All efforts were invested in ending Gaddafi’s 42 years in power. Little thought was spared about how to run a country where less than five per cent of the population knew King Idris, the man Gaddafi overthrew in 1969.

How does anyone run a country with more than 1,700 armed groups? How can one pacify 1,700 armed militias, all with claims of entitlement, having fought for the exit of Gaddafi? Who would disarm them, when they appear to be the law, when they are the ones offering protection to everyone, at a price?

The more powerful these militias insist that their participation in the eight-month war that wrestled power from Gaddafi make demands that include direction participation in decisions about Libya.

Criminal gangs have joined. The power of the gun is a threat to democratic rule which Libyans do not understand. The few who do have faint assumptions about democracy. Politicians are drawing support from militias.
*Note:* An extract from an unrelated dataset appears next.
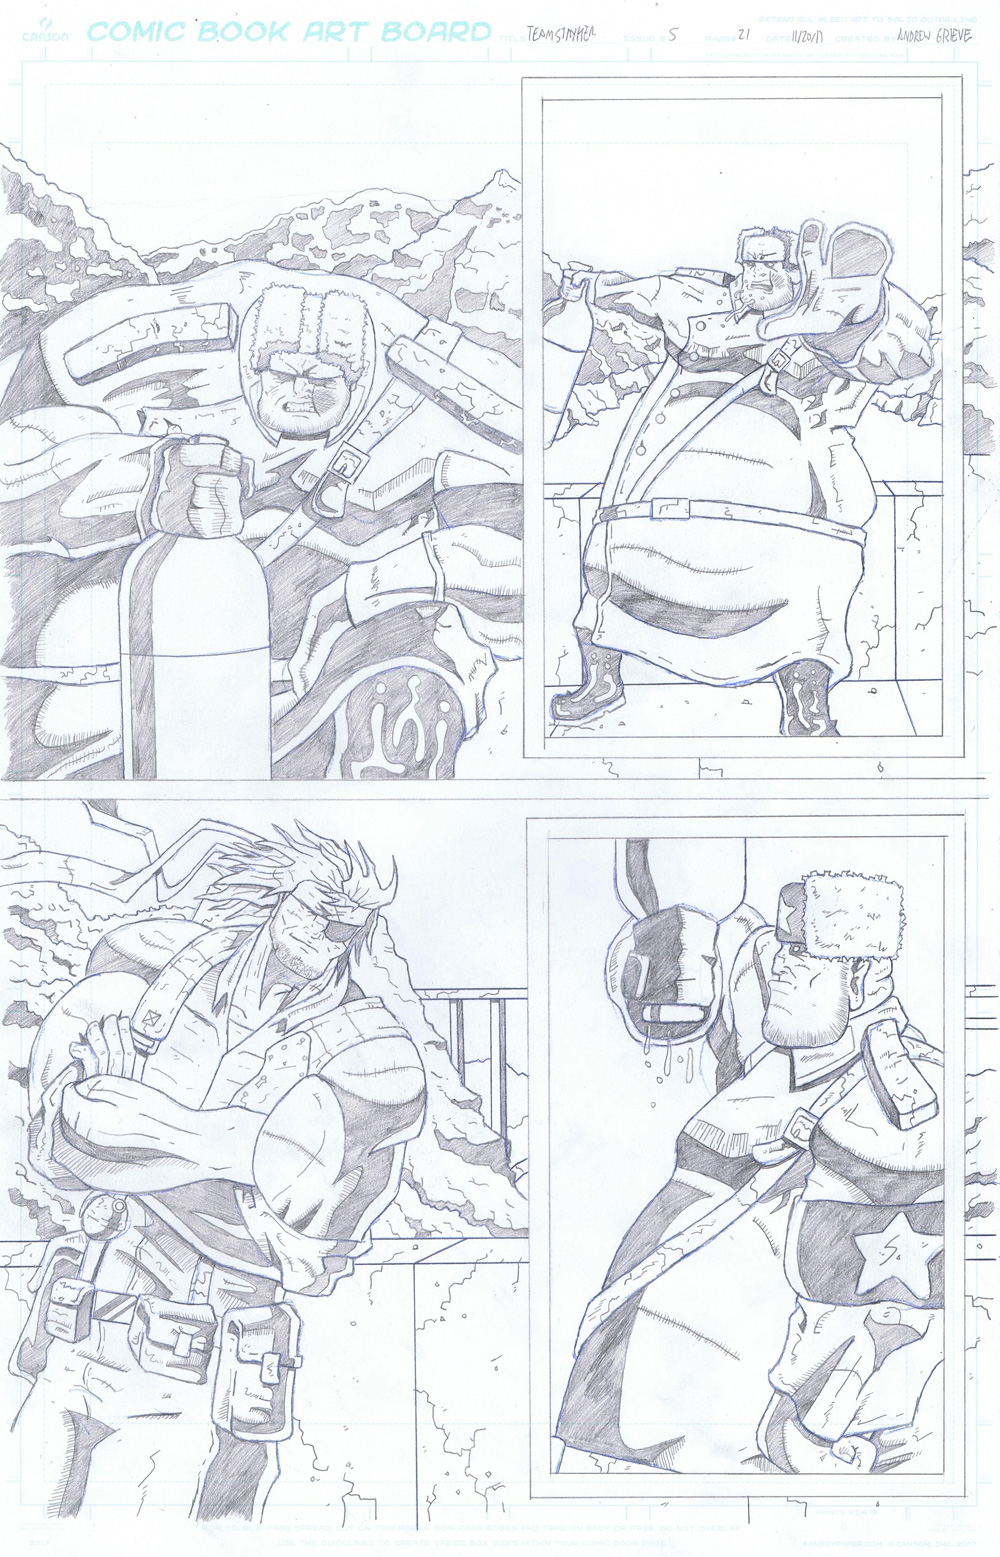 MISSION 005: PAGE 21 PENCIL

Militias ironically are Libya’s only effective police force.

Libyan and United States authorities cannot find the killers of US Ambassador J. Christopher Stevens. The risks of annoying the militias are too high.

On April 29 about 200 militias heavily armed with anti-aircraft weapons, surrounded the Ministry of Foreign Affairs building. They did not want officials who served under Gaddafi to have leadership positions. The next day another group surrounded the Justice Ministry making the same demand. Anti-militia protests broke out in the streets. The siege lasted two weeks and the militias won.

The groups had a list of several ministers they wanted removed, including Libya’s prime minister. He has angered militias by calling on them to join the government’s security forces, vowing to take a hard stance against armed groups that do not fall into line.

Libya’s fledgling parliament passed the law banning officials who served under Gaddafi from leadership. The law is not only wrong for being discriminatory, one of the major charges about the Gaddafi regime, but it gave no thought to its impact on Libya.

Only the few who were in exile under Gaddafi did not serve in his government. Where would Libyans in Libya have worked in 42 years except with Gaddafi? Where would the militias find experienced Libyans to manage the affairs of their country?

Libya presents a fuller picture of the evils dictators deposit when they depart. Yet there are the likes of Robert Gabriel Mugabe, who at 89, and 33 years in power, are destroying their countries with enthusiastic abandon.